» Instructions for the task
Set every line of the data down again exactly, and keep the pictures out.

----- Given data

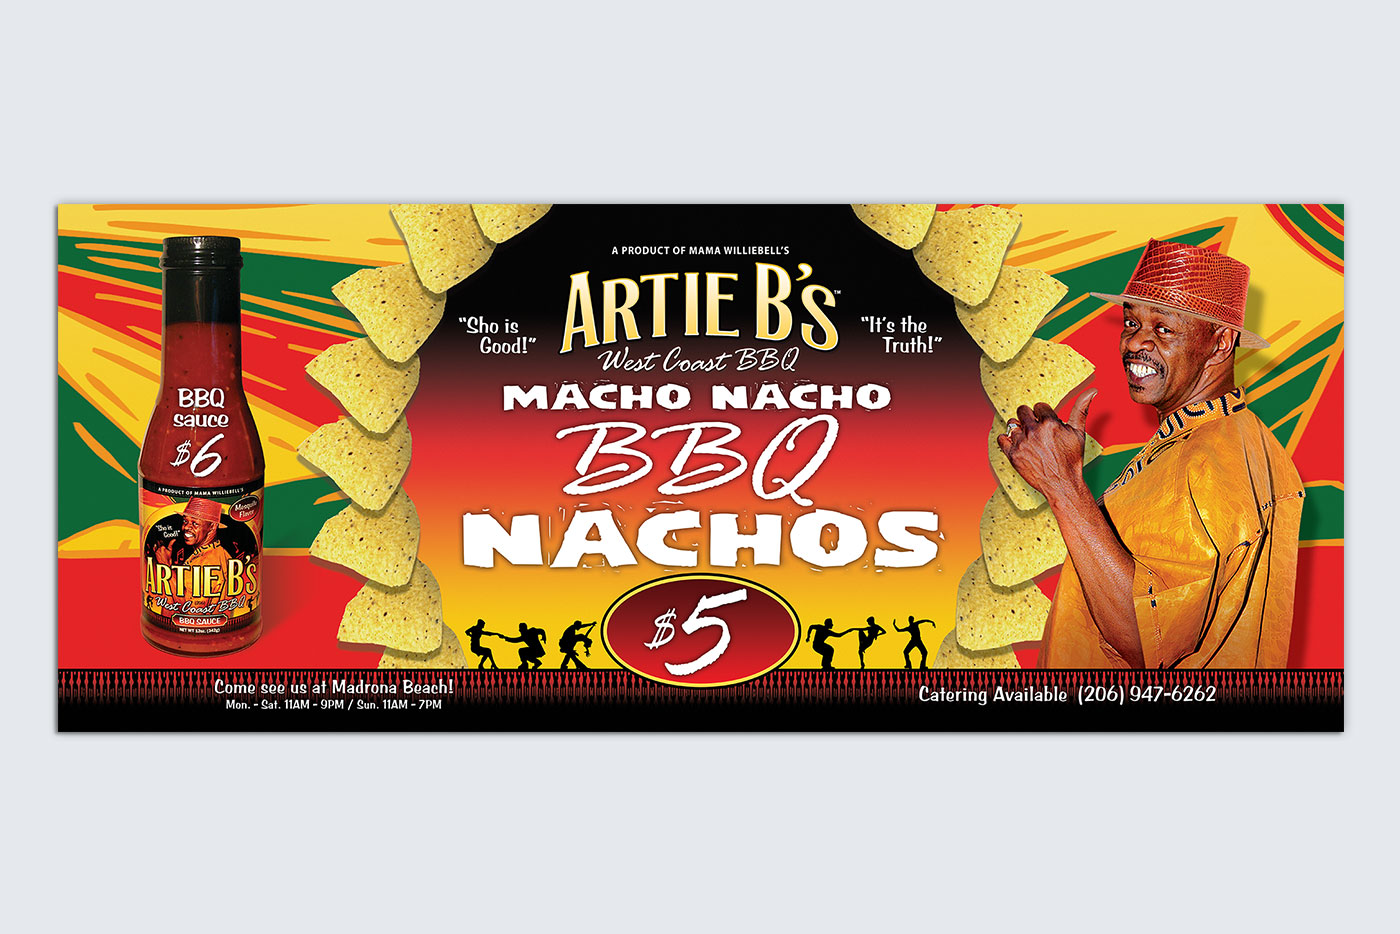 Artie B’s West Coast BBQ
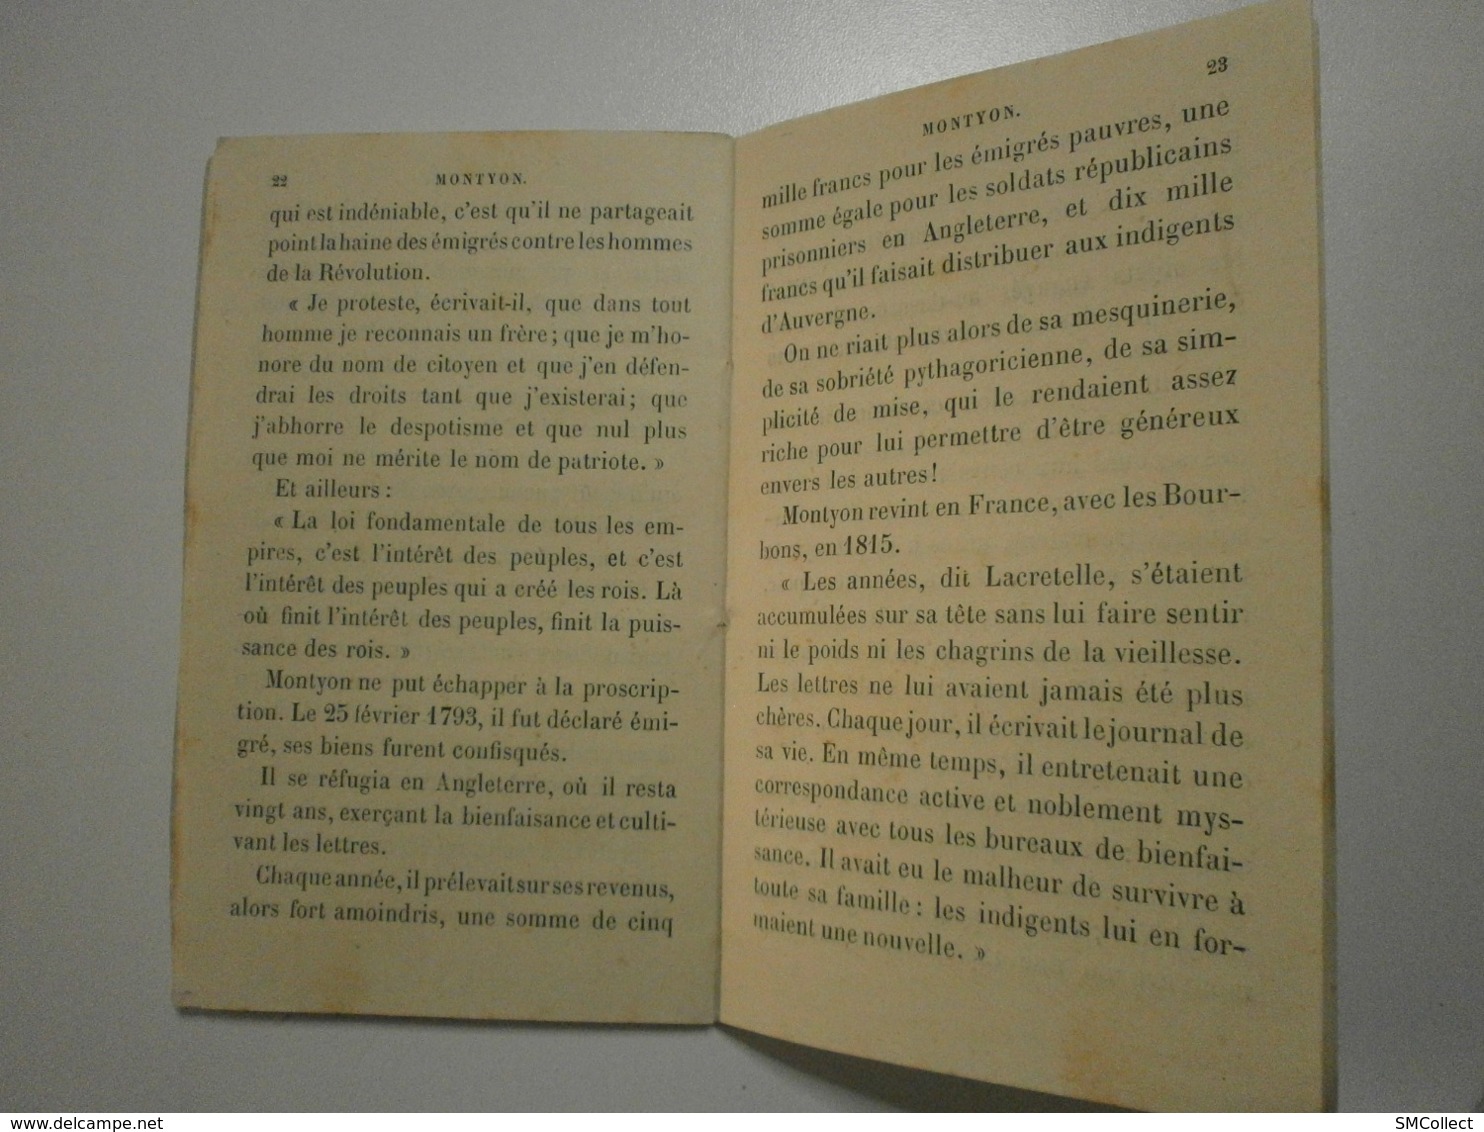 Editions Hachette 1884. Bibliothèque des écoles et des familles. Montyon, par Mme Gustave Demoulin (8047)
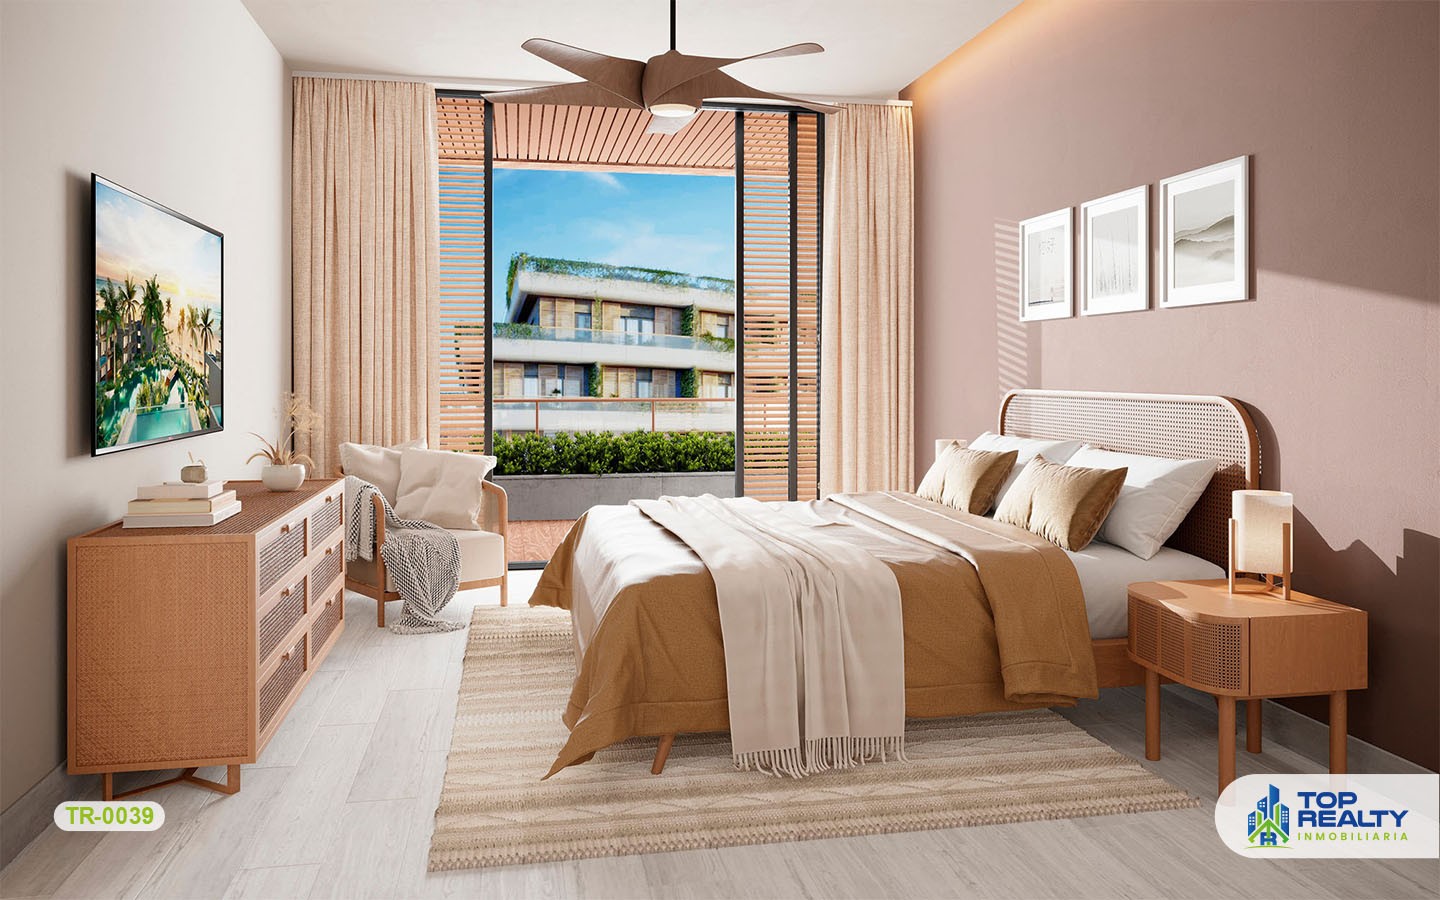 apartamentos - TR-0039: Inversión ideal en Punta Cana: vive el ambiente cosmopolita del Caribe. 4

----------

» Solution for this exercise
 Artie B’s West Coast BBQ
 Editions Hachette 1884. Bibliothèque des écoles et des familles. Montyon, par Mme Gustave Demoulin (8047)
 apartamentos - TR-0039: Inversión ideal en Punta Cana: vive el ambiente cosmopolita del Caribe. 4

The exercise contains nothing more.